> DATA SEGMENT
::::::

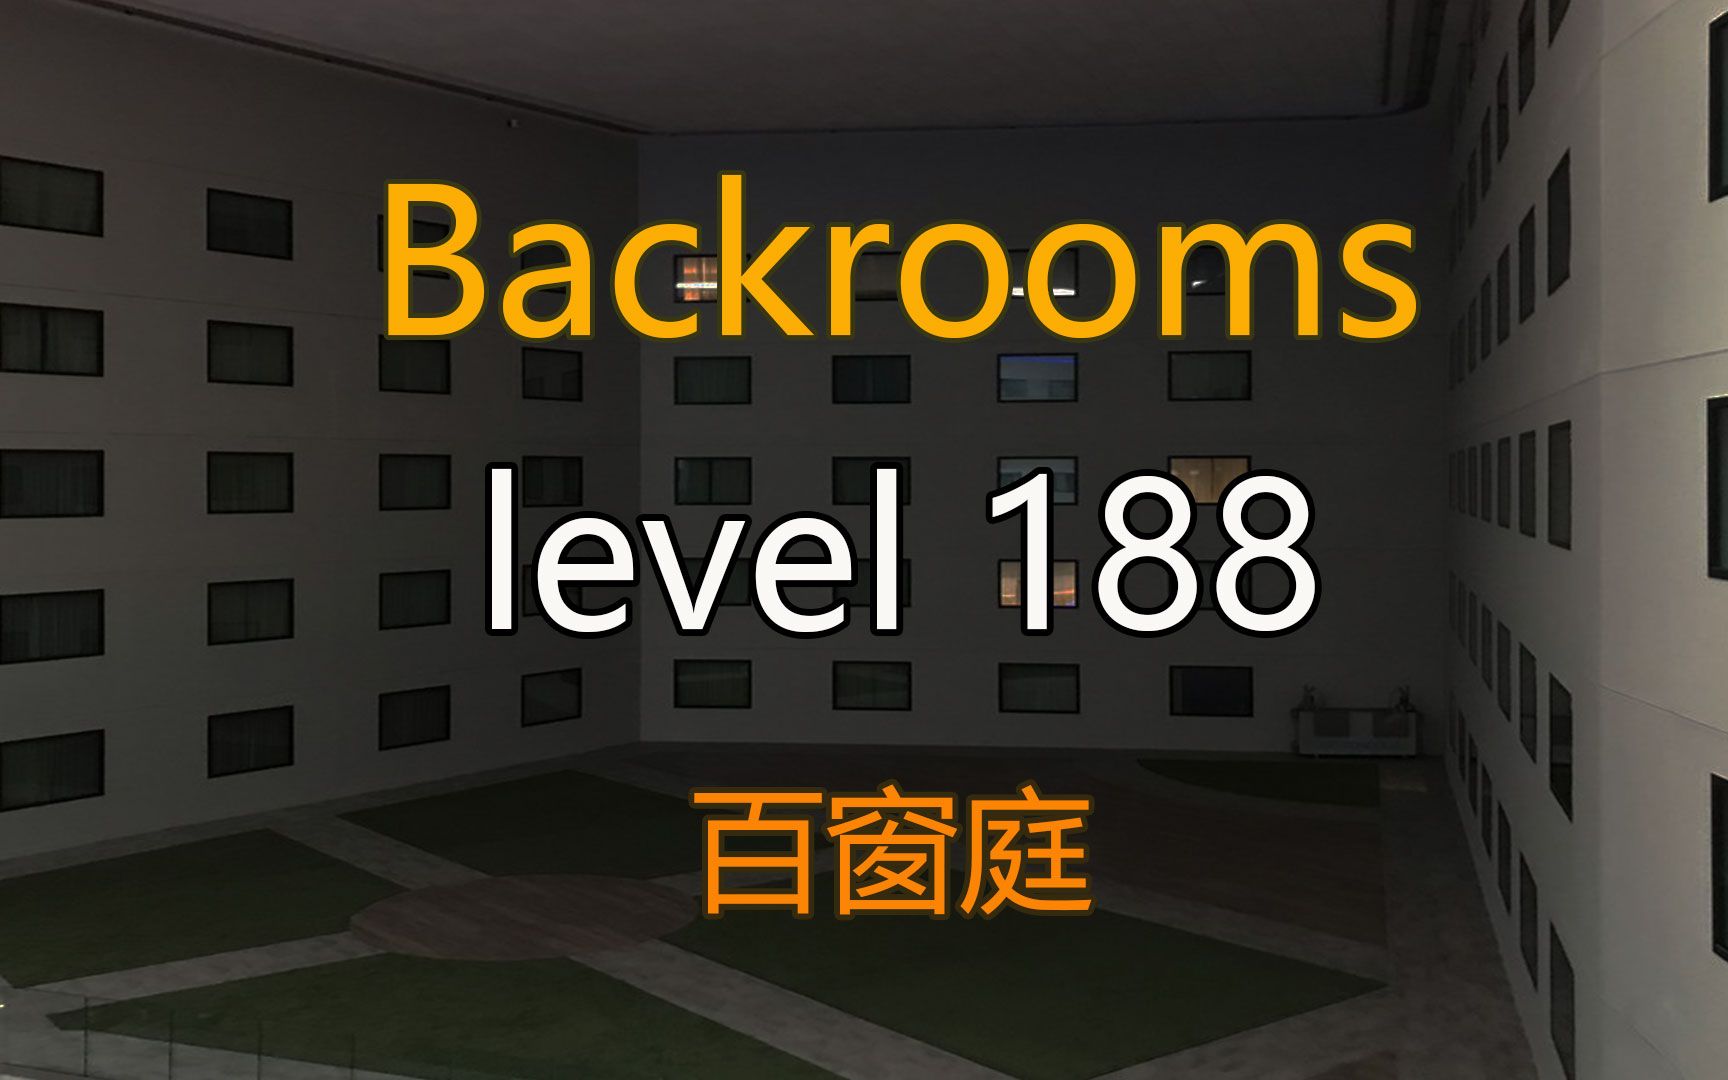 都市怪谈Backrooms level 188 百窗庭  后房 后室
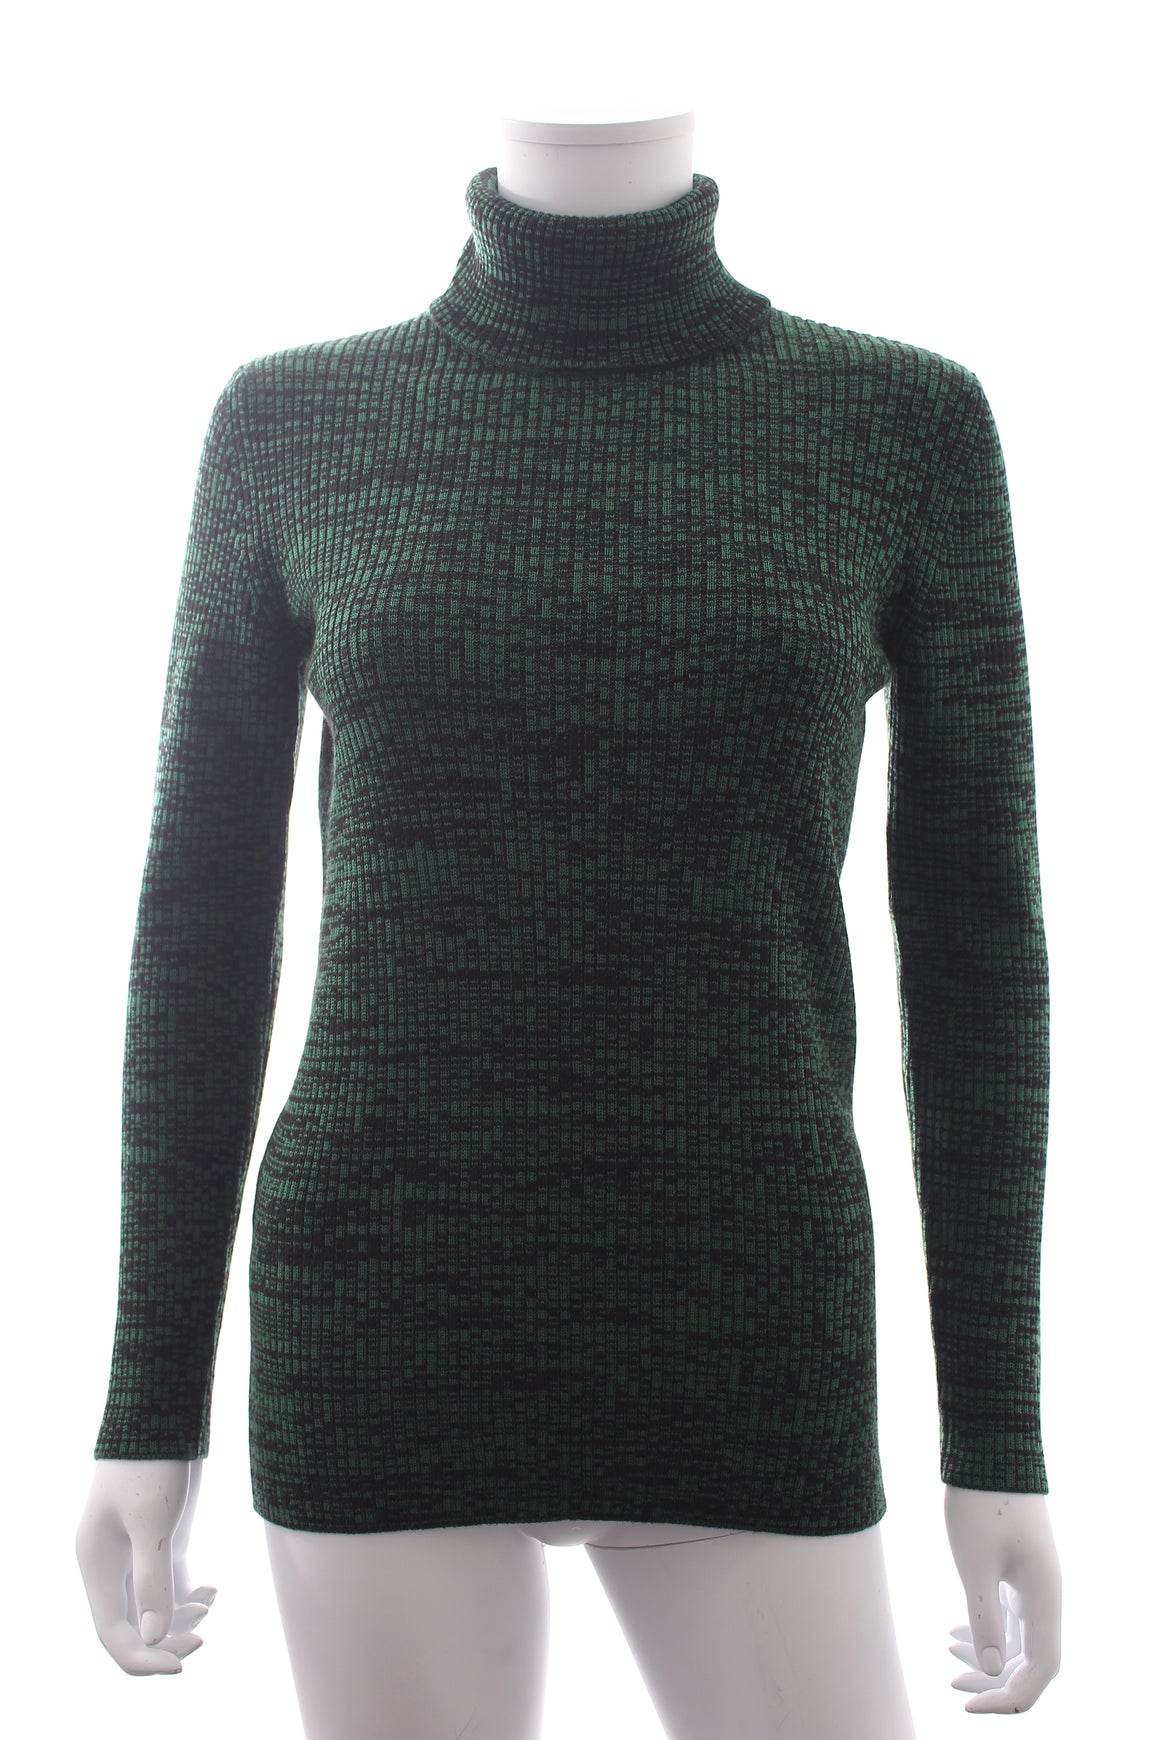 Miu Miu Ribbed Roll-Neck Wool Sweater
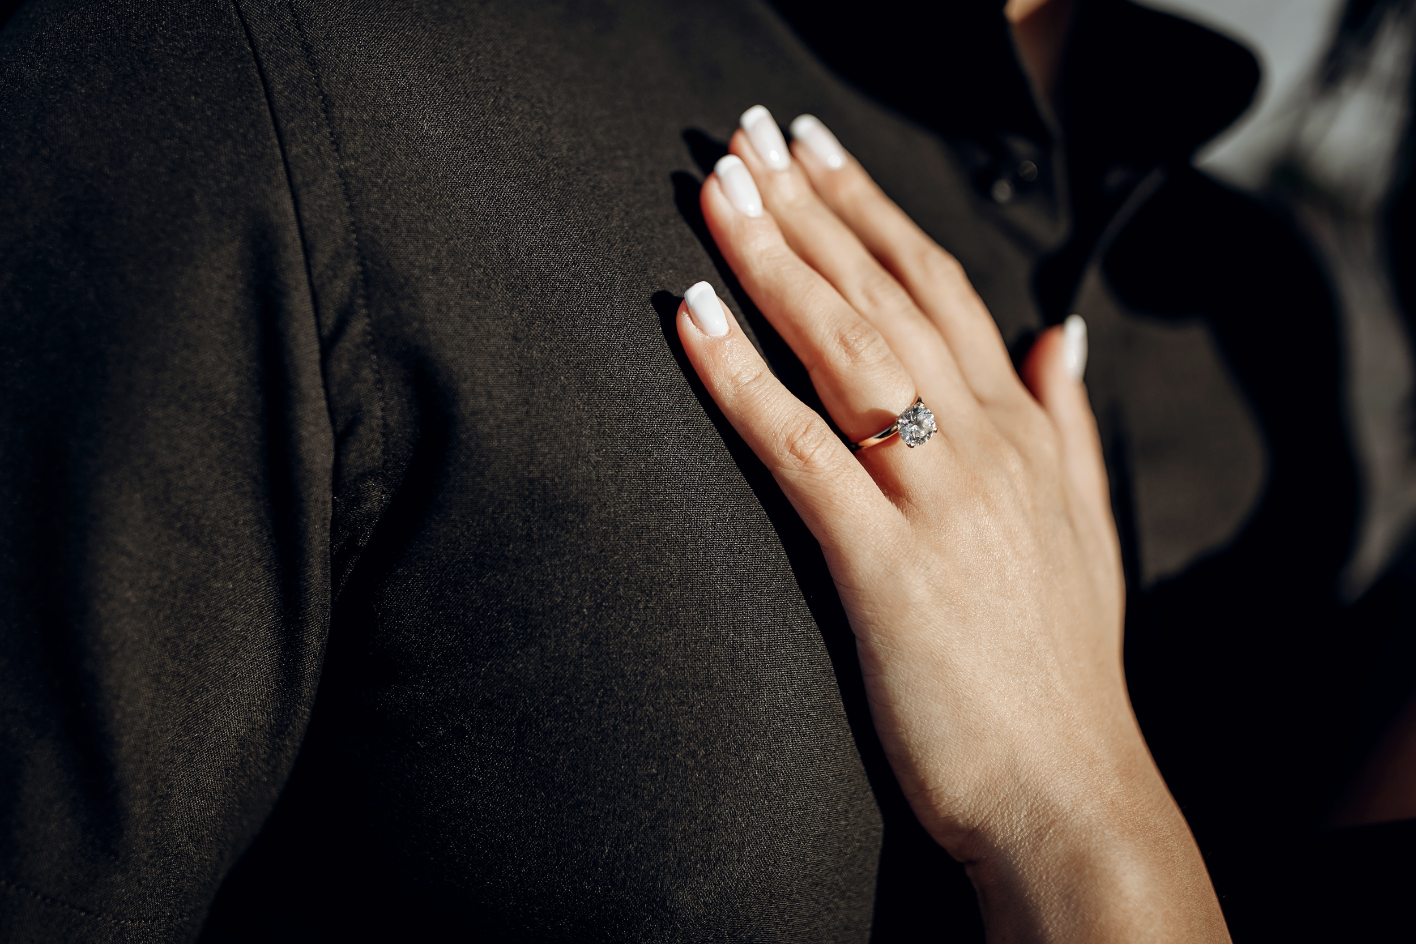 Mano de mujer con un anillo de compromiso | Foto: Shutterstock

::::::

> TASK OBJECTIVE
Only the lines between the one containing "Miu Miu Ribbed Roll-Neck Wool Sweater" and the last line of the listing above, both included, should be written out, exactly and without pictures.

> RESULT BELOW
 Miu Miu Ribbed Roll-Neck Wool Sweater
 Mano de mujer con un anillo de compromiso | Foto: Shutterstock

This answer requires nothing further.